To understand their connection, it’s crucial to know that the object of eros needs not be a person. Eros concerns what is lacked and has been deprived (Ly., 221c); it is the desire to possess the good forever (Symp., 206a). As argued in Carson 1986, “eros is an issue of boundaries […] of flesh and self.” Eros is a lack that “alerts a person to the boundaries of himself, of other people, of things in general.” Lila, with her desire for control, experiences bodily dissolution that resonates with metaphors used by ancient Greek poets. For example, the god of desire is called “melter of limbs”; his glance is “more melting than sleep or death,” and the lover he victimizes is a piece of wax dissolving at his touch. This response is “the acute awareness of self that ensues from the reach of desire.”
Eros also relates to writing, as to write is to play with “imagination called forth in the space between you and your object of knowledge.” As Elena writes, she doesn’t control her narrative progression, and Lila’s perspective infiltrates her text, demonstrating the divine manic that comes with eros, which entails an takeover that teaches the real nature of the self (Phdr., 253a).

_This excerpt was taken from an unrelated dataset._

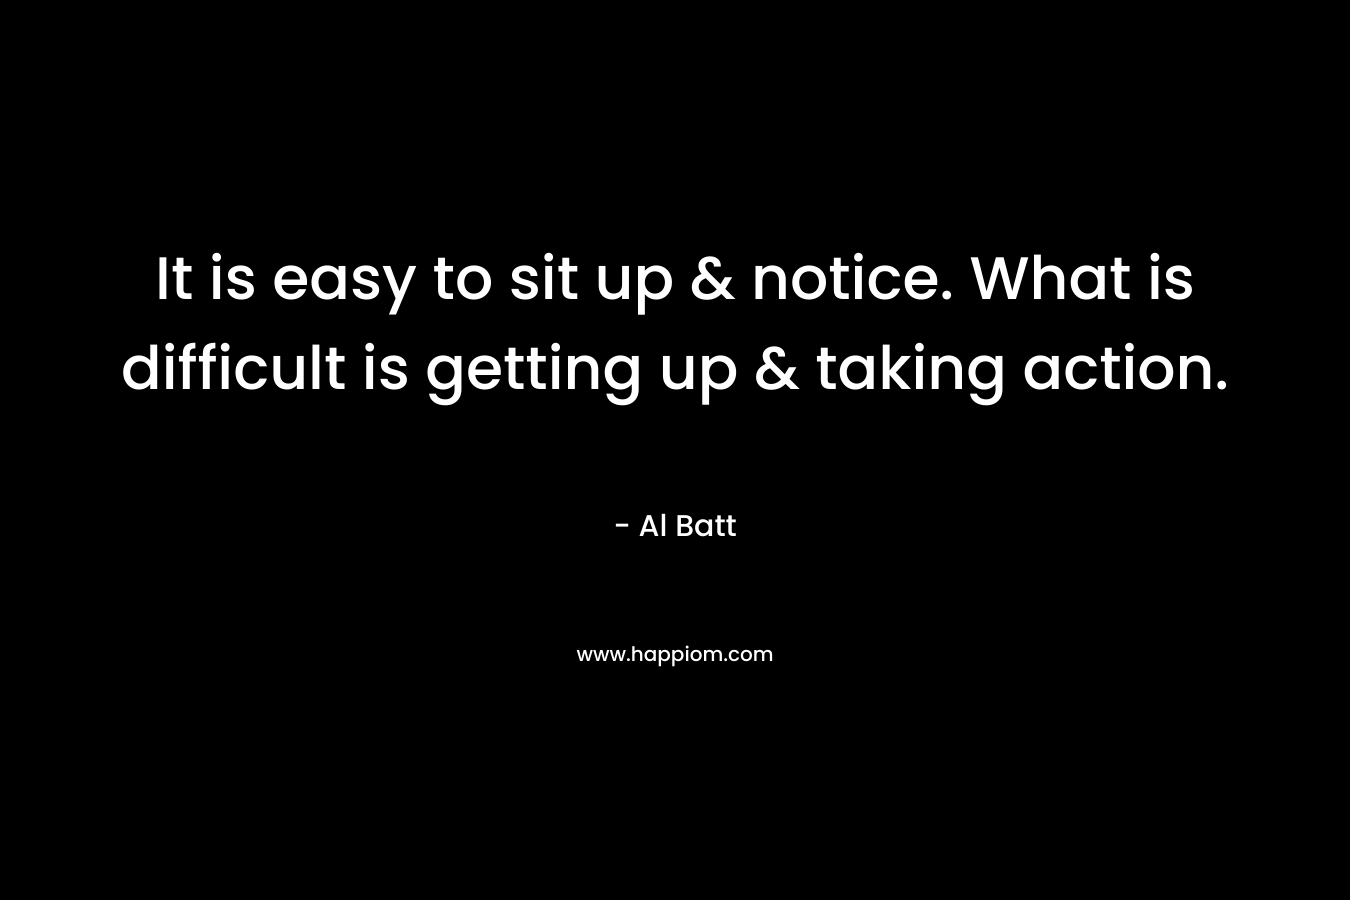 It is easy to sit up & notice. What is difficult is getting up & taking action.

The final erotic characteristic comes with the way Ferrante crafts her narrative as she intentionally blurs the lines between the book Elena wrote and the book we are reading. In Carson’s words, novels institutionalize the ruse of eros, allowing the reader “to stand in triangular relation to the characters in the story and reach into the text after the objects of their desire, sharing their longing but also detached from it, seeing their view of reality but also its mistakenness. […] It is almost like being in love.”